Karben ist Vorreiter in Sachen Klimaschutz – doch für die meisten Bürger ist die Biogasanlage hinterm Klein-Karbener Wald wie unsichtbar. Seit diesem Jahr läuft sie aber im Vollbetrieb.

Karben. Die 3,50Meter hohen Erdwälle schlucken jetzt schon fast die Blicke der Vorbeifahrenden auf der Landstraße von Groß-Karben nach Heldenbergen – und bald auch noch deren dichter Bewuchs. „Dann ist von der Anlage in der Landschaft so gut wie nichts mehr zu sehen“, sagt Ralf Döpp, der Geschäftsführer der Karbener Biogas-GmbH & Co KG.

Umweltauflagen erfordern diese Unsichtbarkeit. Biogas-Anlagen gerieten andernorts immer wieder in die Kritik von Anwohnern. Nicht so in Karben. Es habe „noch keine großen kritischen Stimmen“ gegeben, ist Ralf Döpp erleichtert.

Auf dem drei Fußballfelder großen Areal wird in den vier Tanks mit ihren charakteristischen Tragluftdächern Gas für mehr als 2000 Haushalte produziert – sauberes Gas: Das klimaschädliche Kohlendioxid darin haben Pflanzen aus der Luft gebunden.

Vor allem gehäckselter Mais, die Silage, wird dafür verwendet, erklärt Betriebsmitarbeiter Martin Miosga. 500 Hektar Anbaufläche sind nötig, um genug Rohmaterial für die Anlage zu produzieren. Nachdem diese in diesem Jahr erstmals auf Volllast läuft, machen die Betreiber erste Schritte hin zu anderen Rohstoffen: drei Tonnen Grasschnitt haben sie bereits unter den Mais gemischt.

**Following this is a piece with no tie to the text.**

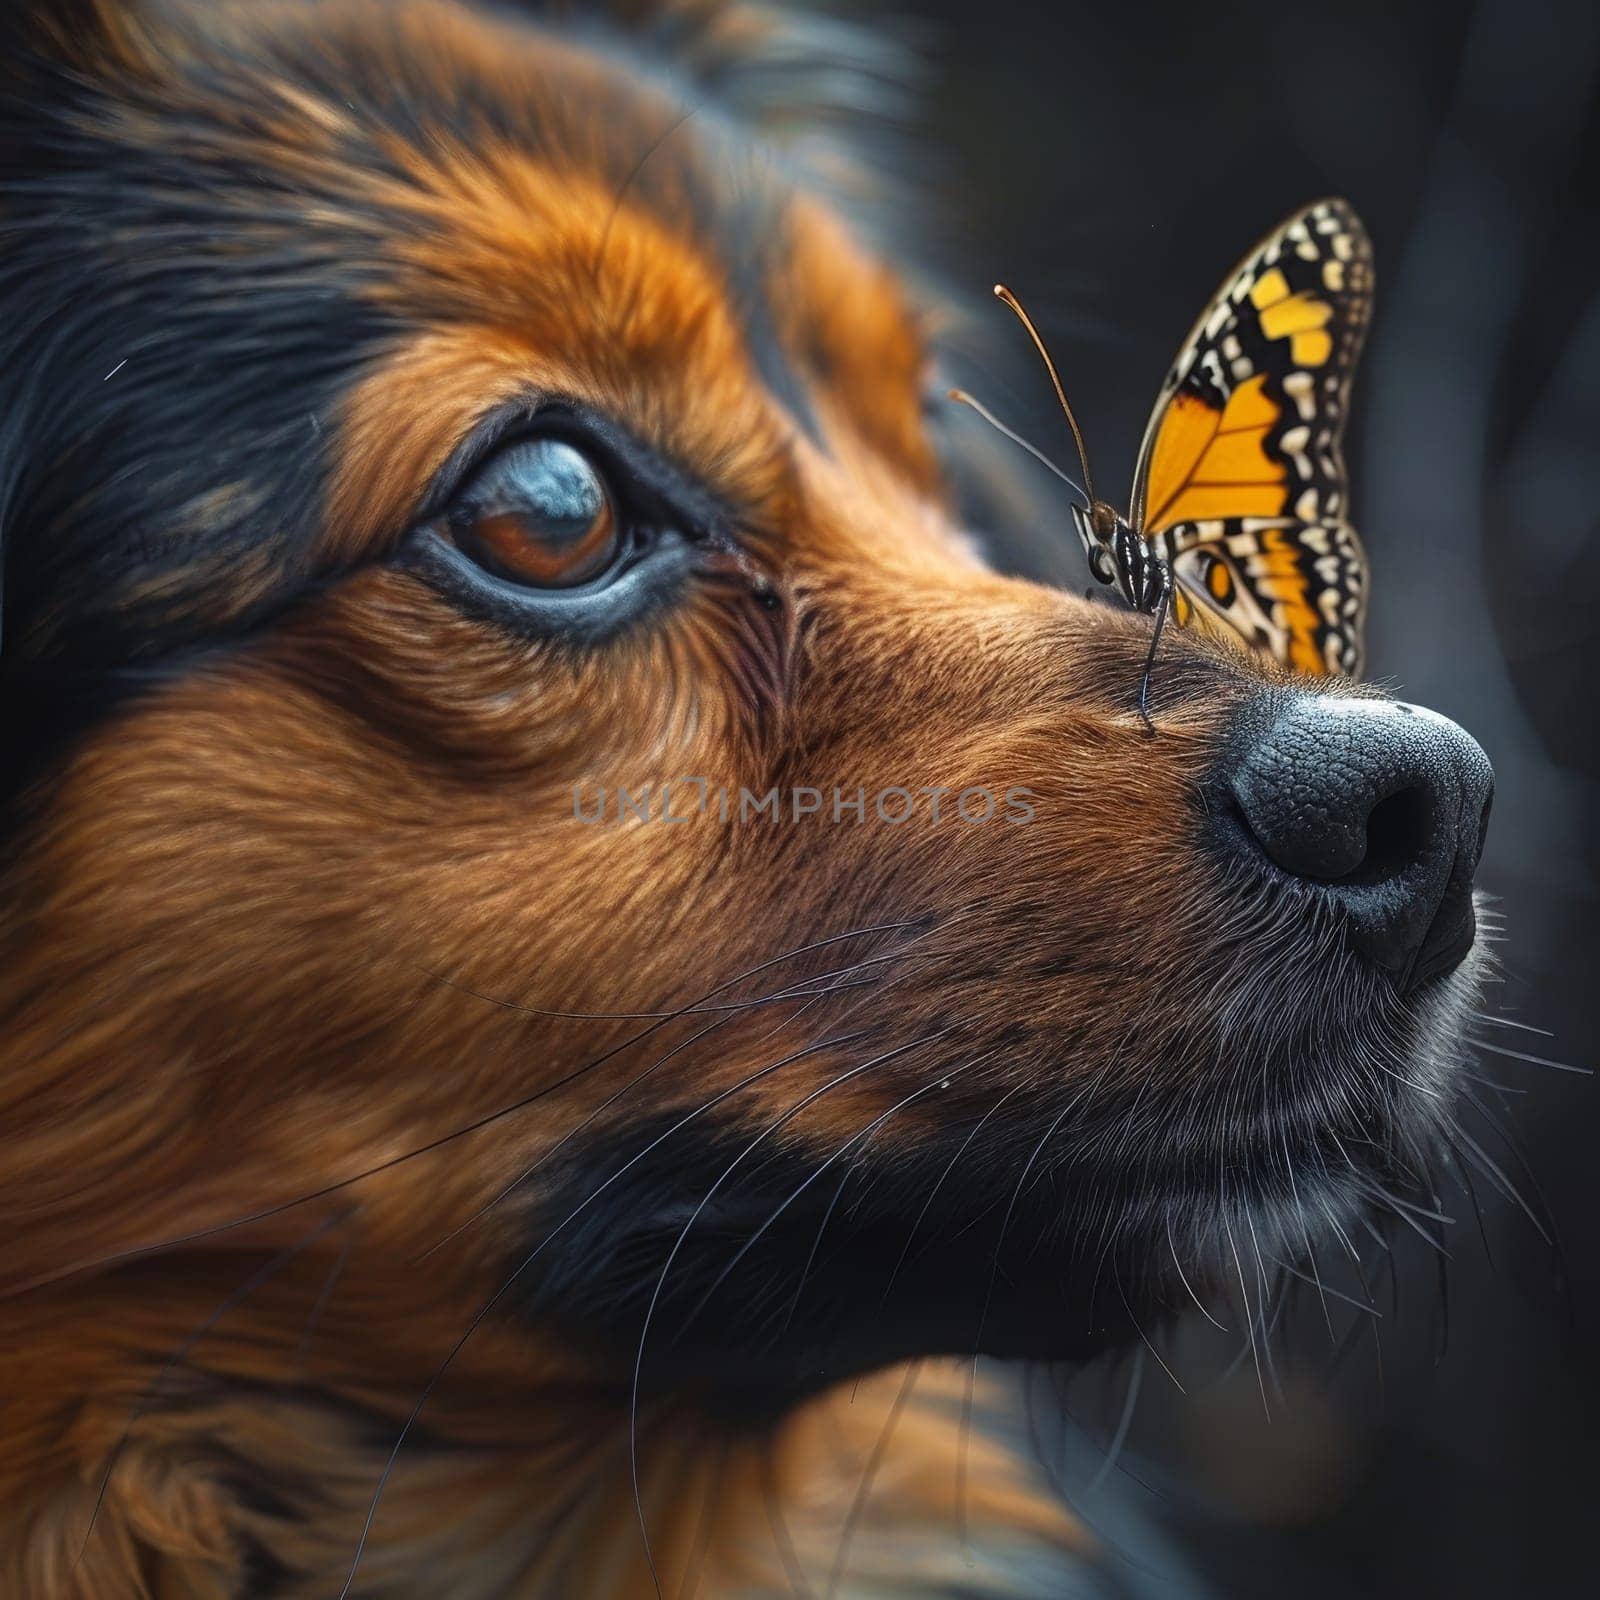 A close-up of a dog's face as a butterfly rests on its nose, capturing a moment of tranquil coexistence. The animal's gaze is diverted, allowing the delicate insect to perch peacefully.

Gleiches soll mit Pferdemist geschehen. „Das wird derzeit vorbereitet“, erläutert Miosga. Auch die Zuckerrübe soll demnächst Gas liefern: „Zurzeit verhandeln wir dafür Verträge mit den Landwirten.“

Die Rübe habe „positiven Einfluss“ auf den Gärungsprozess, wie Erfahrungen aus anderen Anlagen zeigten, erklärt Ralf Döpp. Ihr Nachteil: Sie lässt sich nur wenige Wochen lagern, während Mais ein Jahr und länger übersteht. Daher müssten Rüben nach der Ernte zügig verwendet werden. Und nur eine gewisse Menge lasse sich unter den Mais mischen, um die idealen Gärbedingungen zu erzeugen. „Da müssen wir konkret schauen, wie es reagiert“, erläutert Miosga. Dennoch wird der Mais Energielieferant Nummer eins bleiben. 30000 Tonnen davon lagern auf der 13200 Quadratmeter großen Fläche. Im September wird bei der Ernte genug Maissilage nachgeliefert, um die Anlage bis zur nächsten Ernte auszulasten.

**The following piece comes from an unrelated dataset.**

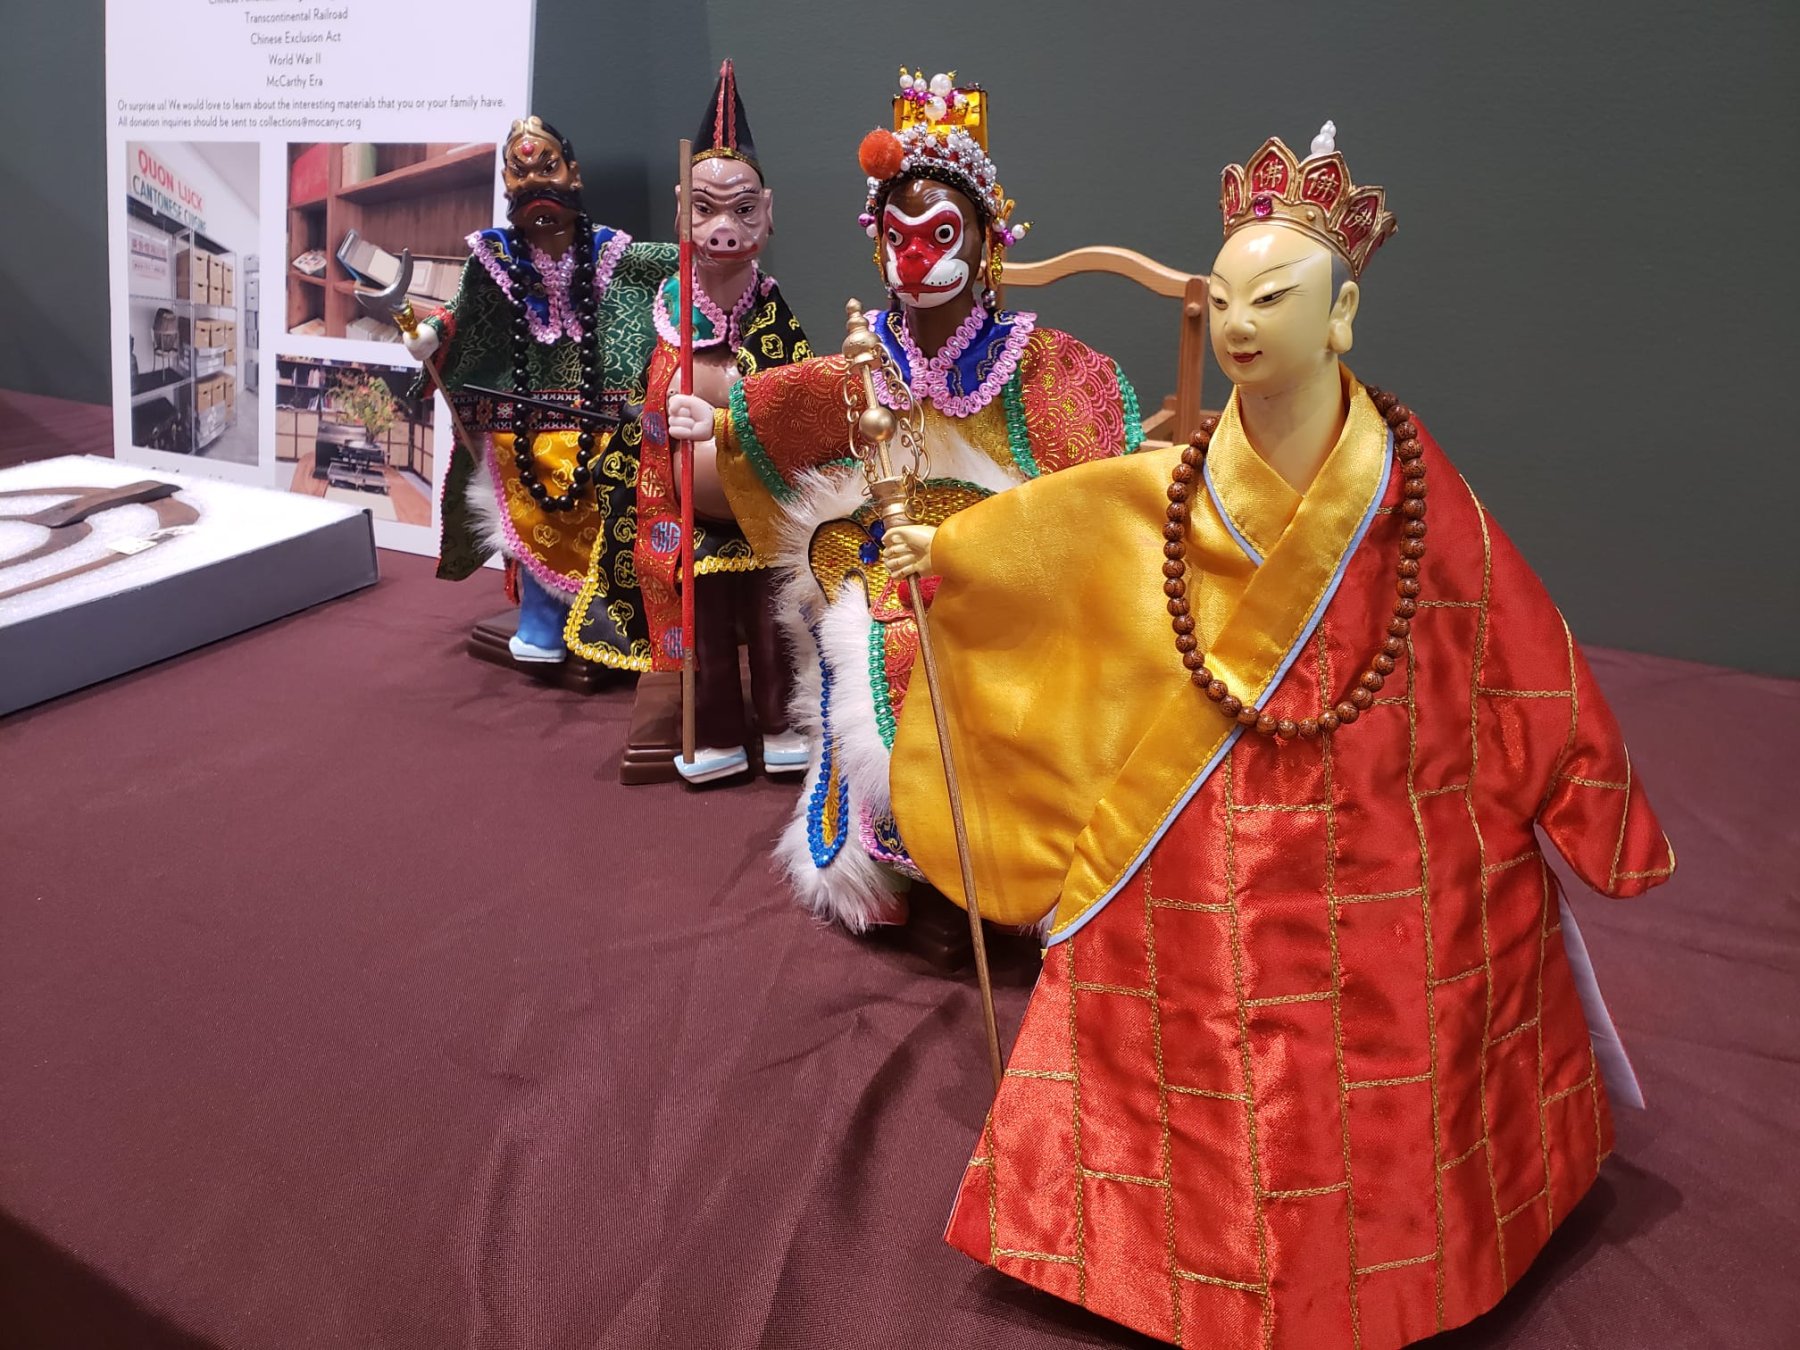 Journey to the West glove puppets. Courtesy of Steven Yungyuan Chang, Museum of Chinese in America (MOCA) Collection.

Anders als andere Biogasanlagen erwirtschaften die Karbener ihren Haupterlös aus der Gas-Einspeisung direkt ins Gasnetz des Rhein-Main-Gebietes – umgerechnet 30 Millionen Kilowattstunden pro Jahr. Eine Anlage dafür hat die entsprechende Mainova-Tochter auf dem Gelände gebaut.

Trotz zehn Millionen Euro Baukosten: Das Erneuerbare-Energie-Gesetz mit seinen festen Preisen für die Energie-Einspeisung macht die Anlage zu einem sicheren Investment. „Man muss die Gegebenheiten nutzen“, sagt Gerhard Cornelius, der Geschäftsführer der Karbenenergie GmbH und frühere langjährige ehrenamtliche CDU-Stadtrat. Auf 20Jahre läuft die Abschreibung, nach schon zehn Jahren werde man die Amortisationsgrenze erreichen, schätzt Ralf Döpp. Mit 50000 bis 60000Euro pro Jahr für die Stadt rechnet Gerhard Cornelius, erstmals wohl ab 2015 in voller Höhe. „Das wird für uns ein sehr rentierliches Geschäft.“ Wenngleich die Kommune damit zunächst die Kredite abbezahlen muss, die für ihren 27-Prozent-Anteil an der Anlage nötig waren: knapp 600000Euro. (den)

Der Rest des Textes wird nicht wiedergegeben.